In recent weeks, strikes have continued to erupt in China, driven by falling export orders and a slowing economy, which have forced employers to step up attacks on the already low wages, poor conditions and jobs.

Last Wednesday, over 1,000 workers at Hong Kong-owned Creative Master at Dongguan in Guangdong province staged a protest over the sudden closure of the factory. The owners fled without paying outstanding wages. Workers held a street march with banners demanding the “heartless bosses” pay them for the Chinese New Year. Fearing an escalating protest, the local authorities promised to pay two months wages to the workers, and to hunt down the employers.

Creative Master was once the world’s largest contract manufacturer of metal toy cars for multinationals such as Mattel, PMA and Hornby, with 10 factories and 10,000 workers. The closure of the Dongguan factory—the company’s last—is an indication of the impact of the worsening world economic crisis on China’s export industries.

On January 4-5, around 1,000 workers at Wuxi Little Swan Co Ltd in Jiangsu province—the world’s third largest washing machine manufacturer—also staged a strike against the axing of 40 percent of the workforce, and cutbacks to wages and benefits. The firm has just been taken over by Midea, an emerging Chinese multinational, as part of the consolidation of the home appliances industry.
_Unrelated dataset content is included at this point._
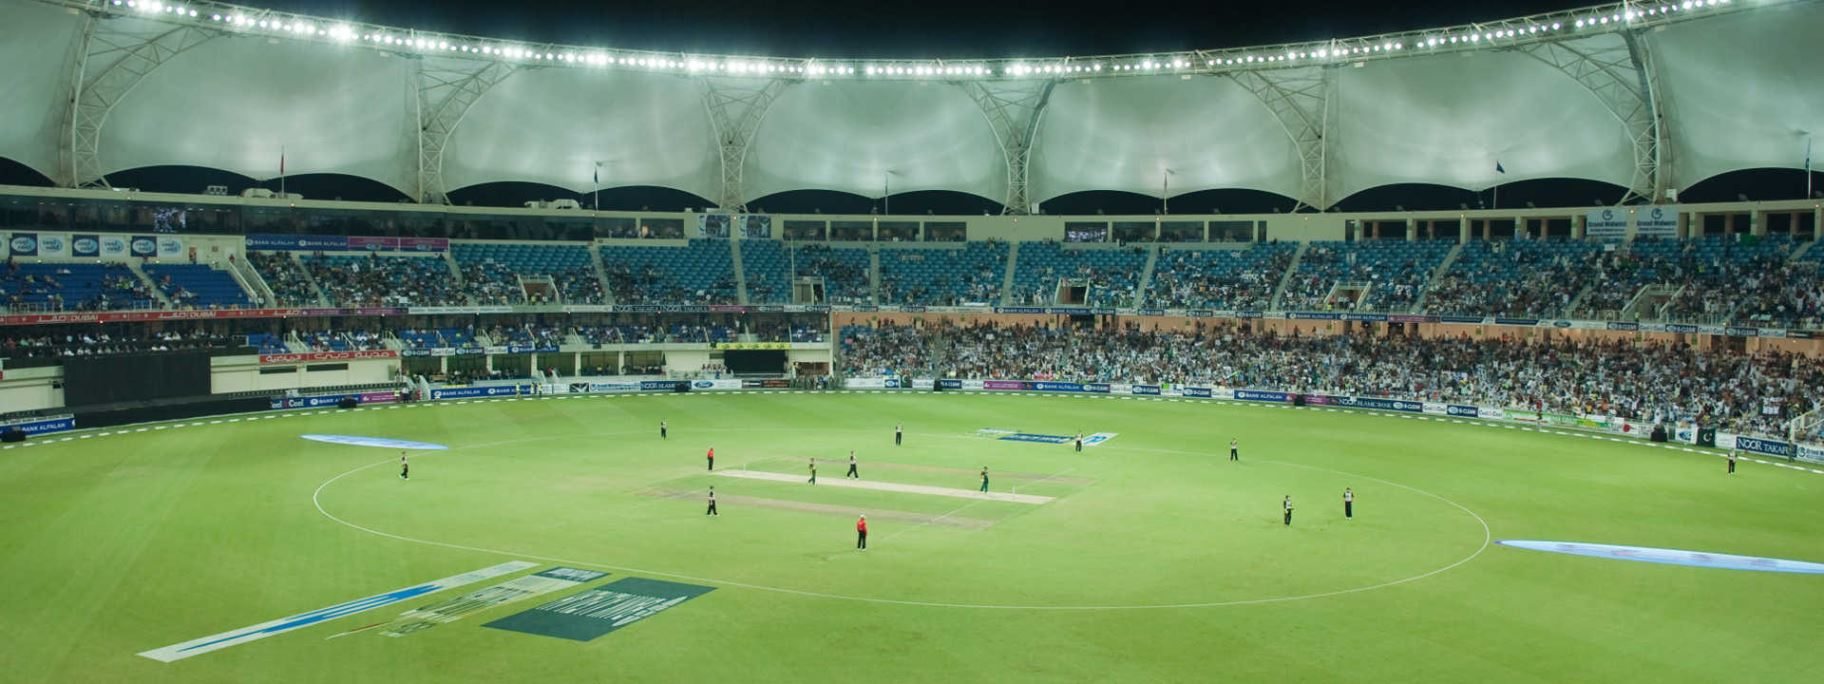 Dubai Sports City Football Dubai Sports City Overseas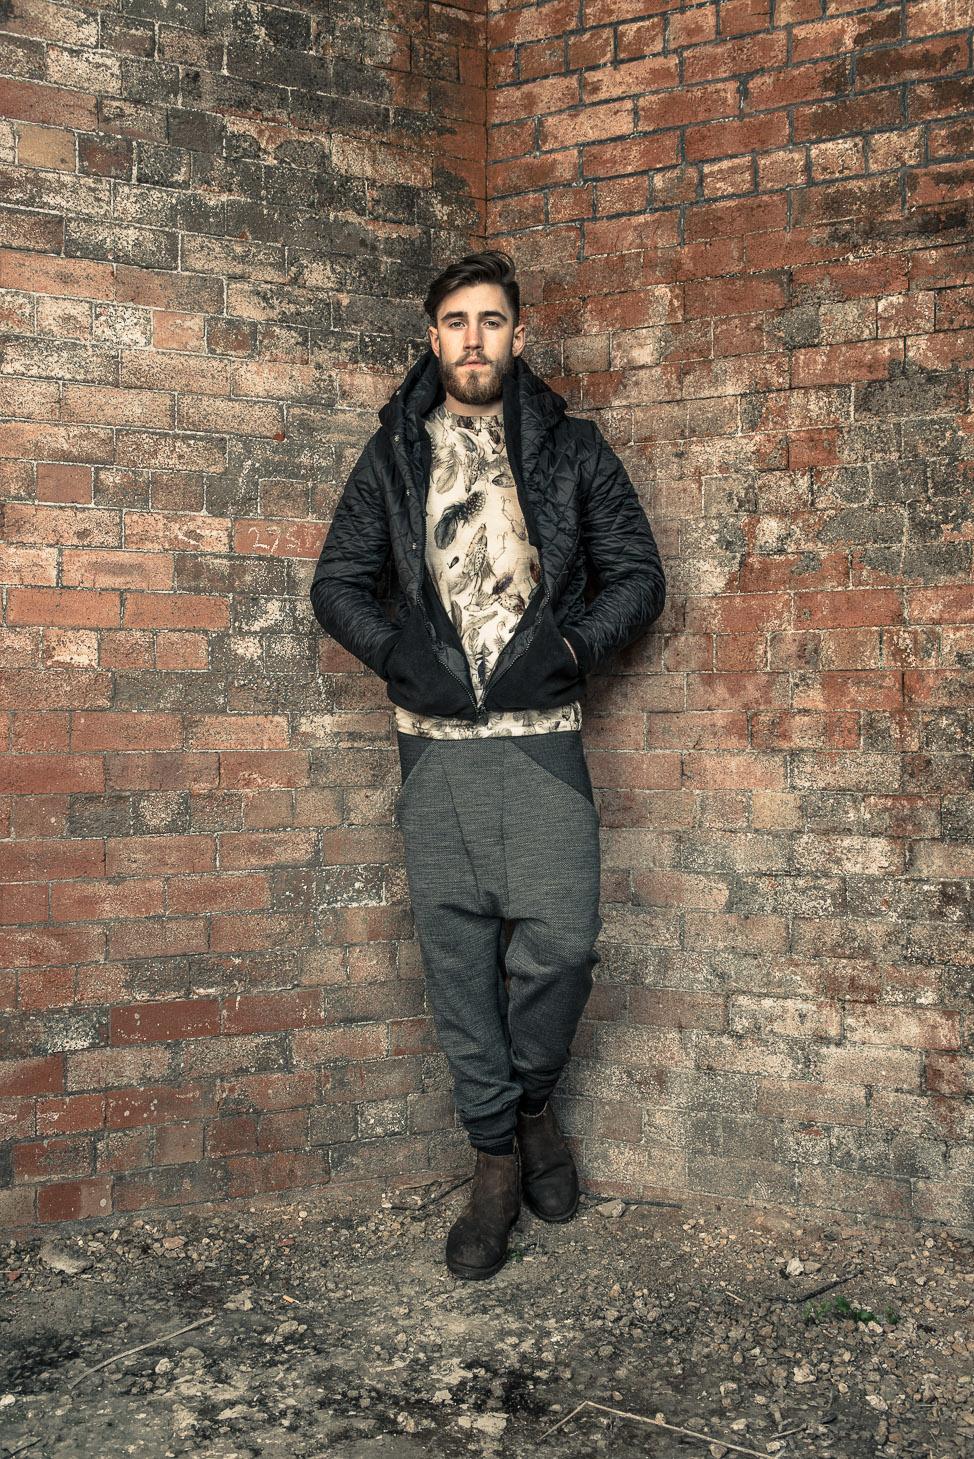 zaramia-ava-zaramiaava-leeds-fashion-designer-ethical-sustainable-tailored-minimalist-fitted-versatile-drape-koji-quileted-coat-grey-tshirt-top-hareem-trousers-black-grey-texture-styling-32.jpg

The unrest has spread to shipyard workers. On January 2, hundreds of workers at China’s seventh largest shipbuilder, Fujian Crown Ocean Shipbuilding Industry, blocked local traffic for hours. Authorities deployed armed police to disperse the protest. Workers took to the streets to demand three months of unpaid wages.

The National Development and Reform Commission indicated that new shipbuilding orders fell by 47.3 percent in the first 11 months of 2011 compared with a year earlier. This is another sharp indicator of declining global trade and the resulting economic slowdown that is impacting on China and propelling the working class into struggle.